### Available data

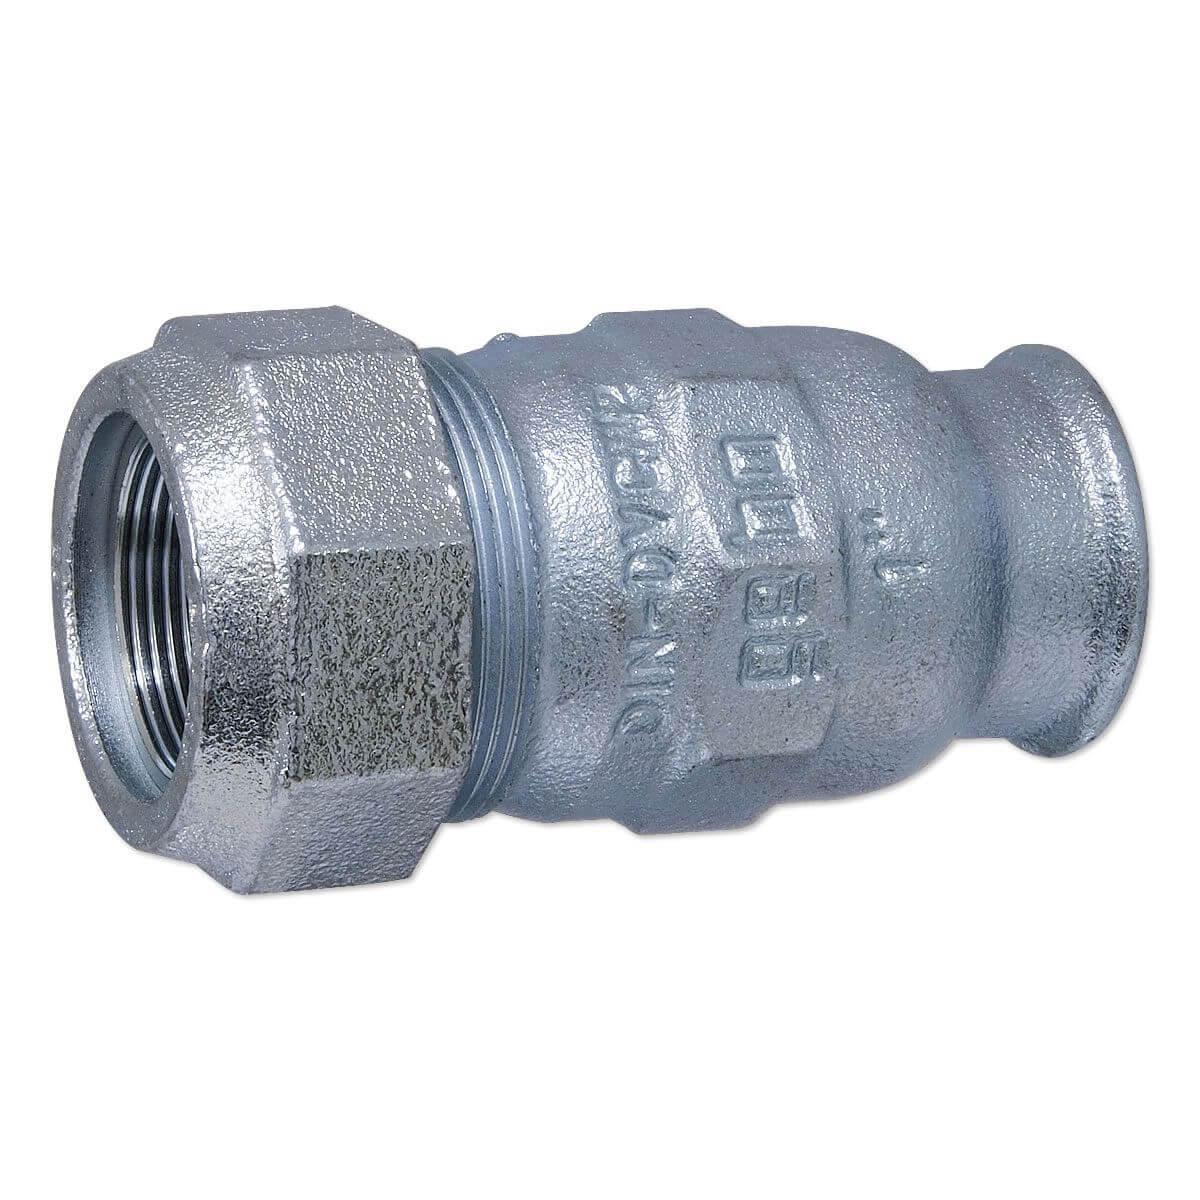 GEBO Kunststoff-Klemmverbinder T-Stück Mittelabgang reduziert DVGW geprüft
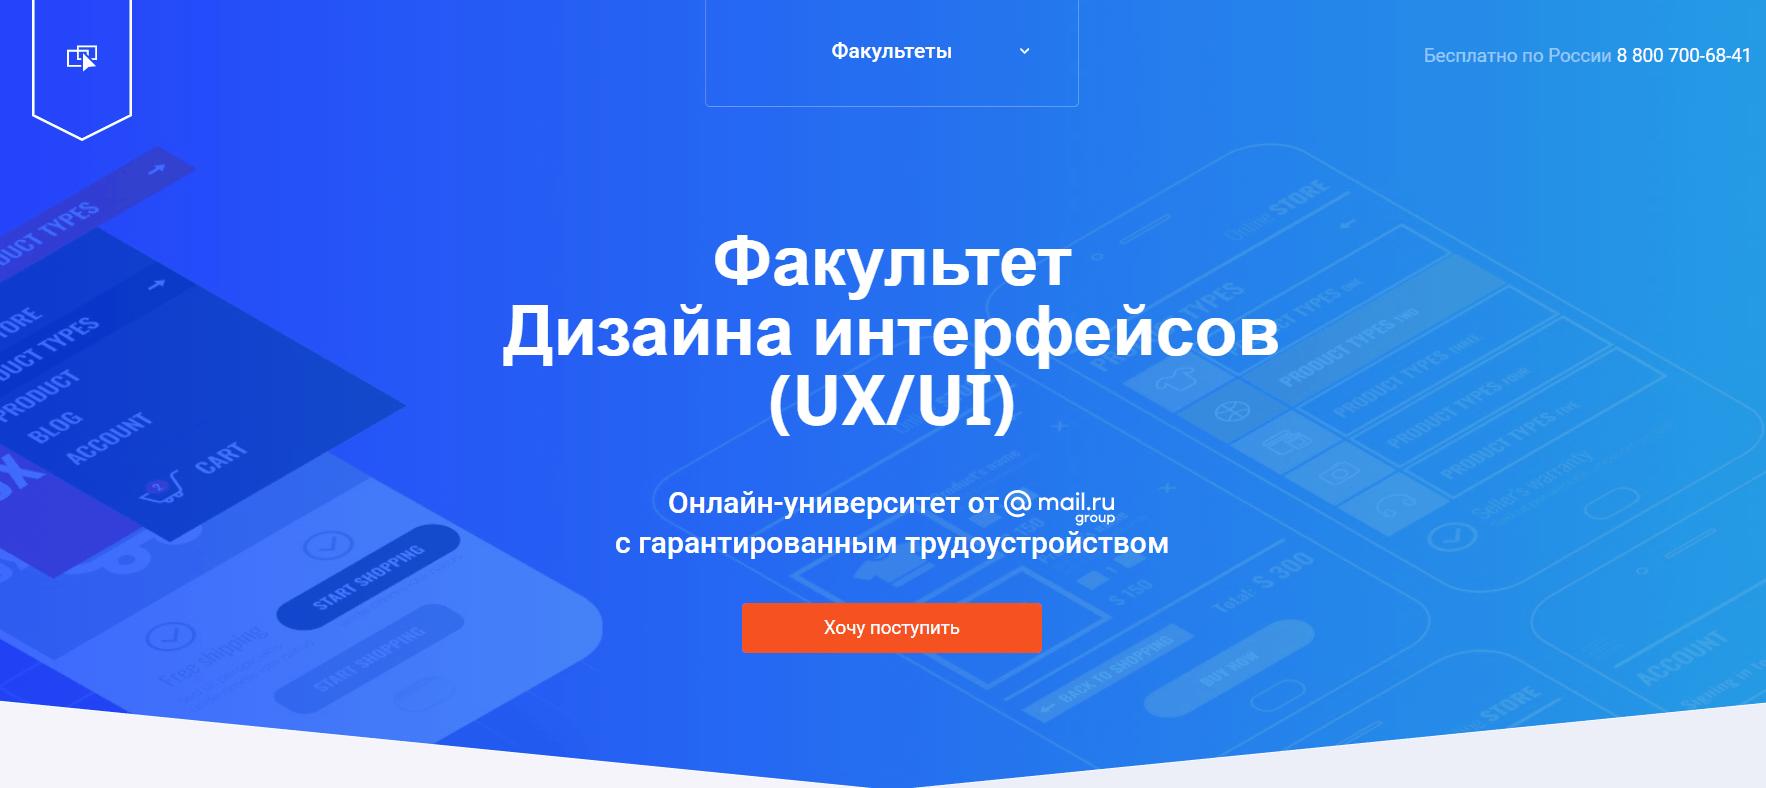 Факультет Дизайна интерфейсов (UX/UI) от Mail.ru Group
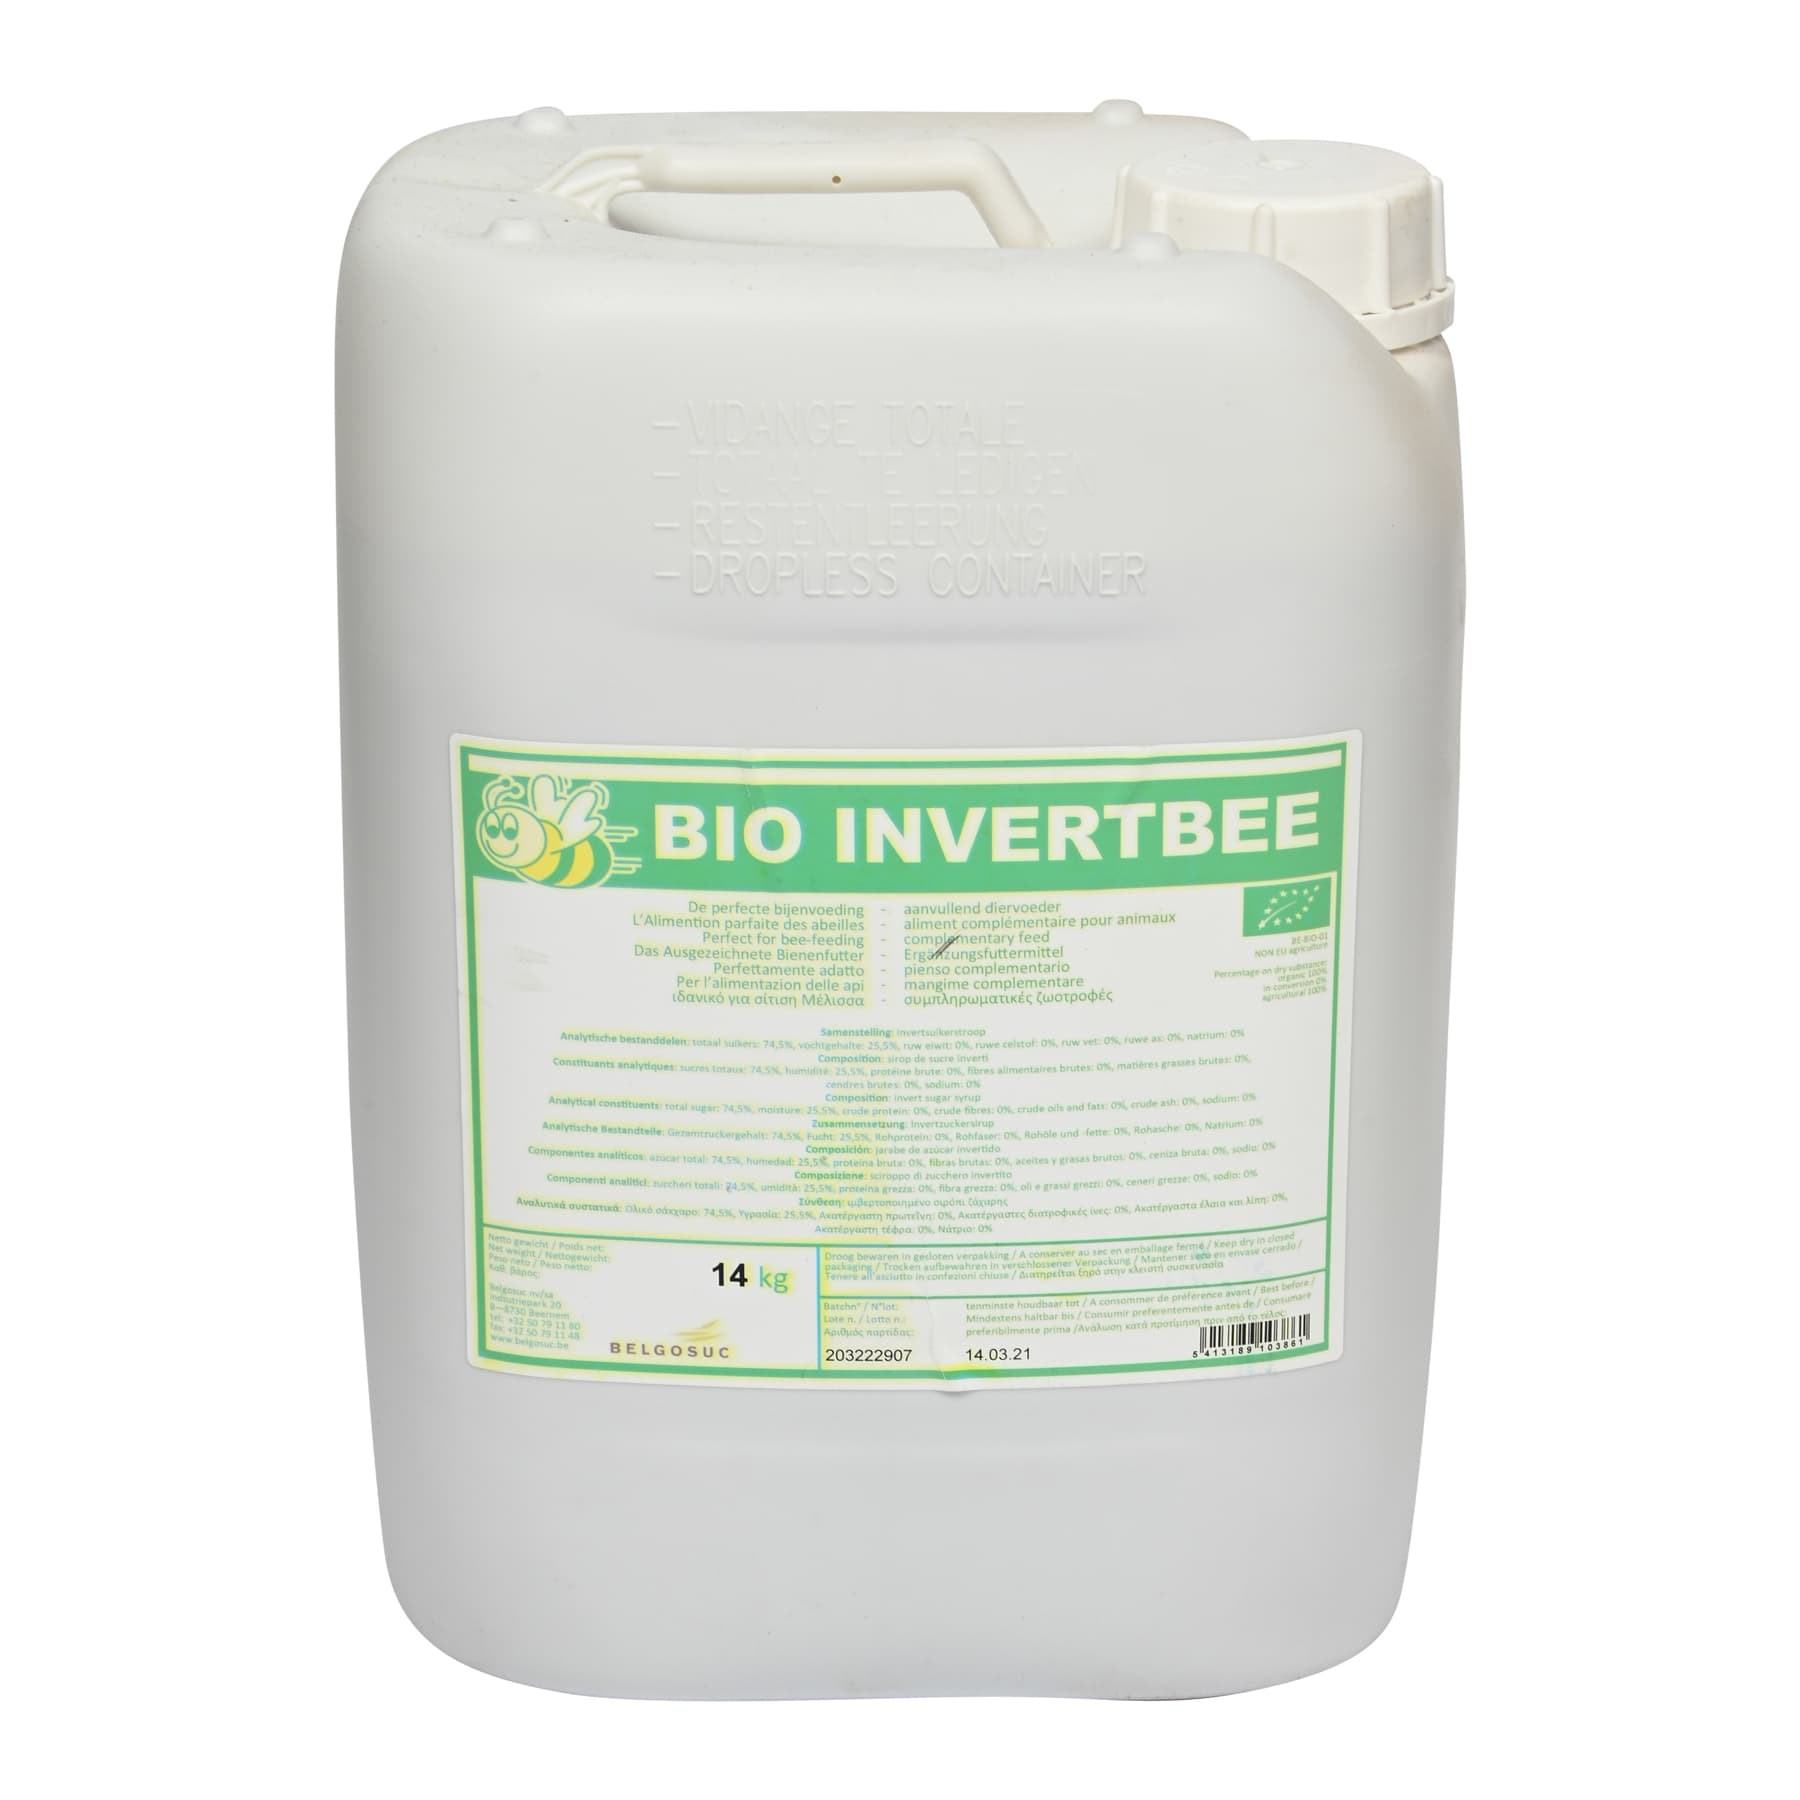 Bio Invertbee14 Kg Kanister unsere Öko Kontrollnr.DE-ÖKO-034
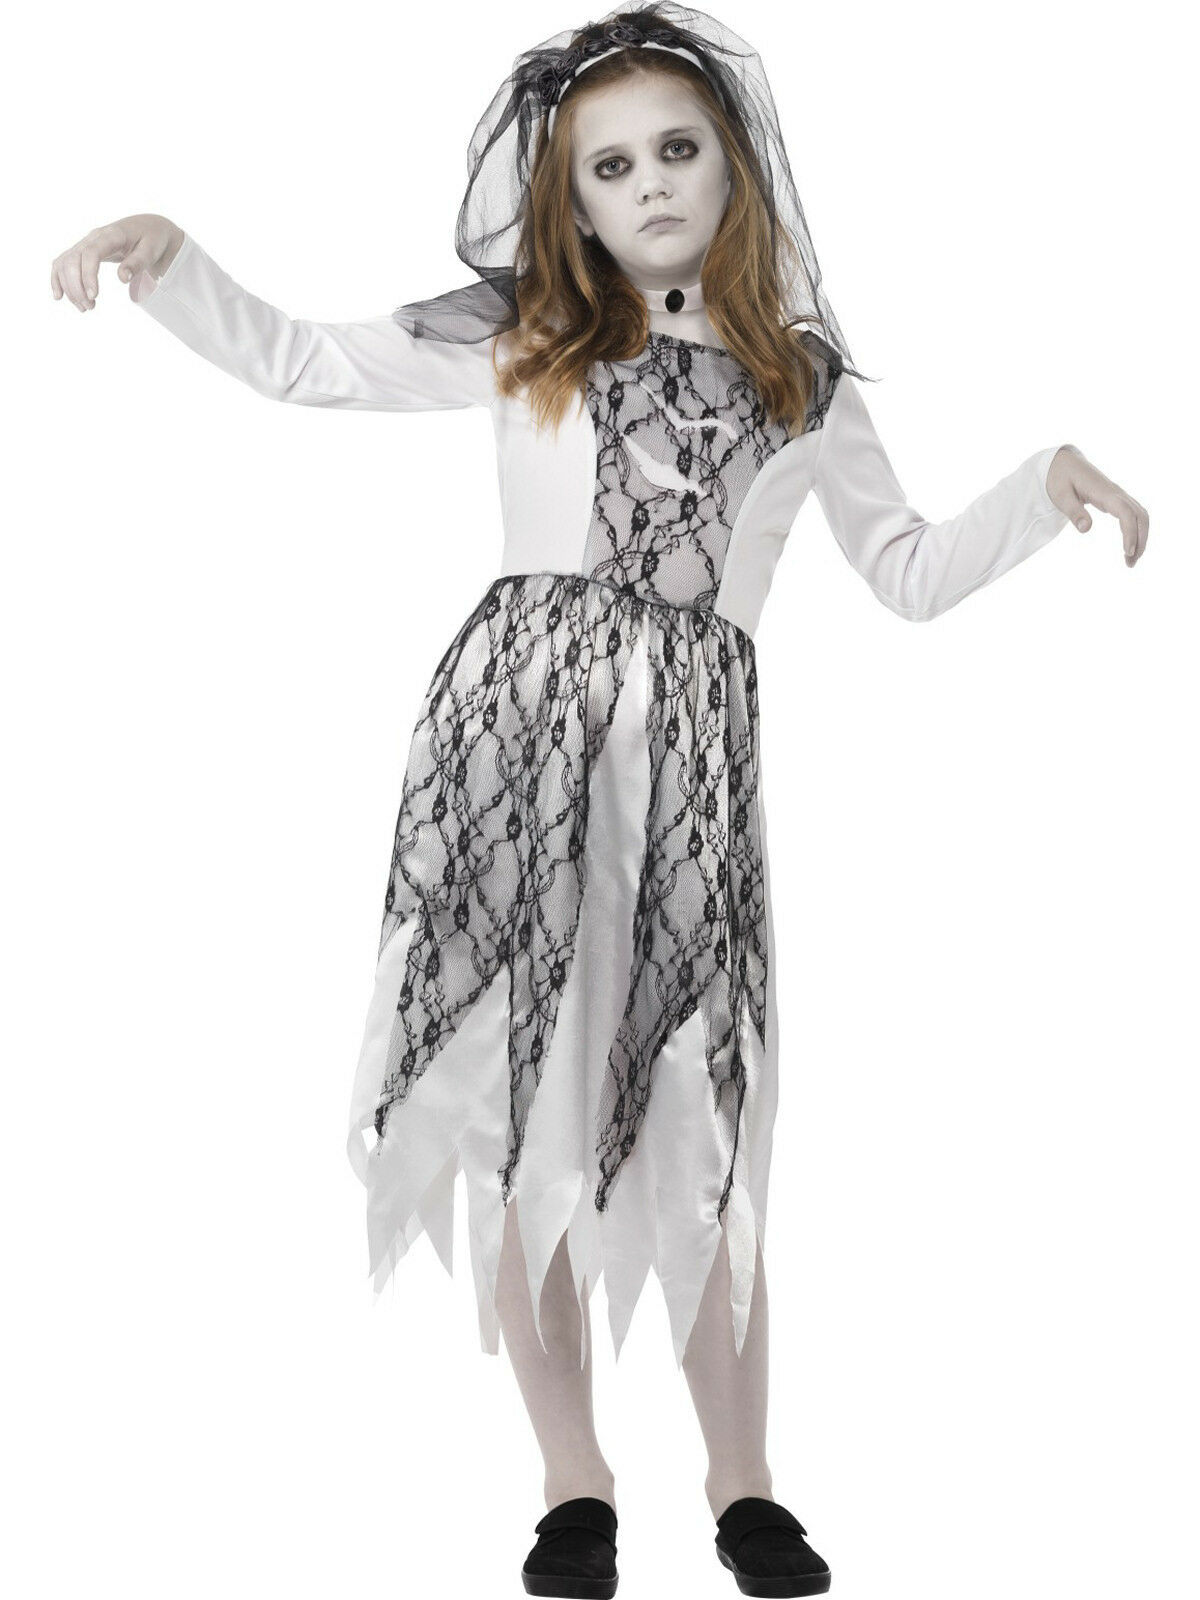 Ghost Dead Corpse Bride Girls Childs Kids Halloween Fancy Dress Costume 4-12

######

▶ _Problem description_
Once the pictures are set aside, what is needed is the lines from the line with "Факультет Дизайна интерфейсов" through the end of the data, written out exactly and alone.

▶ _Answer to the exercise_
 Факультет Дизайна интерфейсов (UX/UI) от Mail.ru Group
 Bio Invertbee14 Kg Kanister unsere Öko Kontrollnr.DE-ÖKO-034
 Ghost Dead Corpse Bride Girls Childs Kids Halloween Fancy Dress Costume 4-12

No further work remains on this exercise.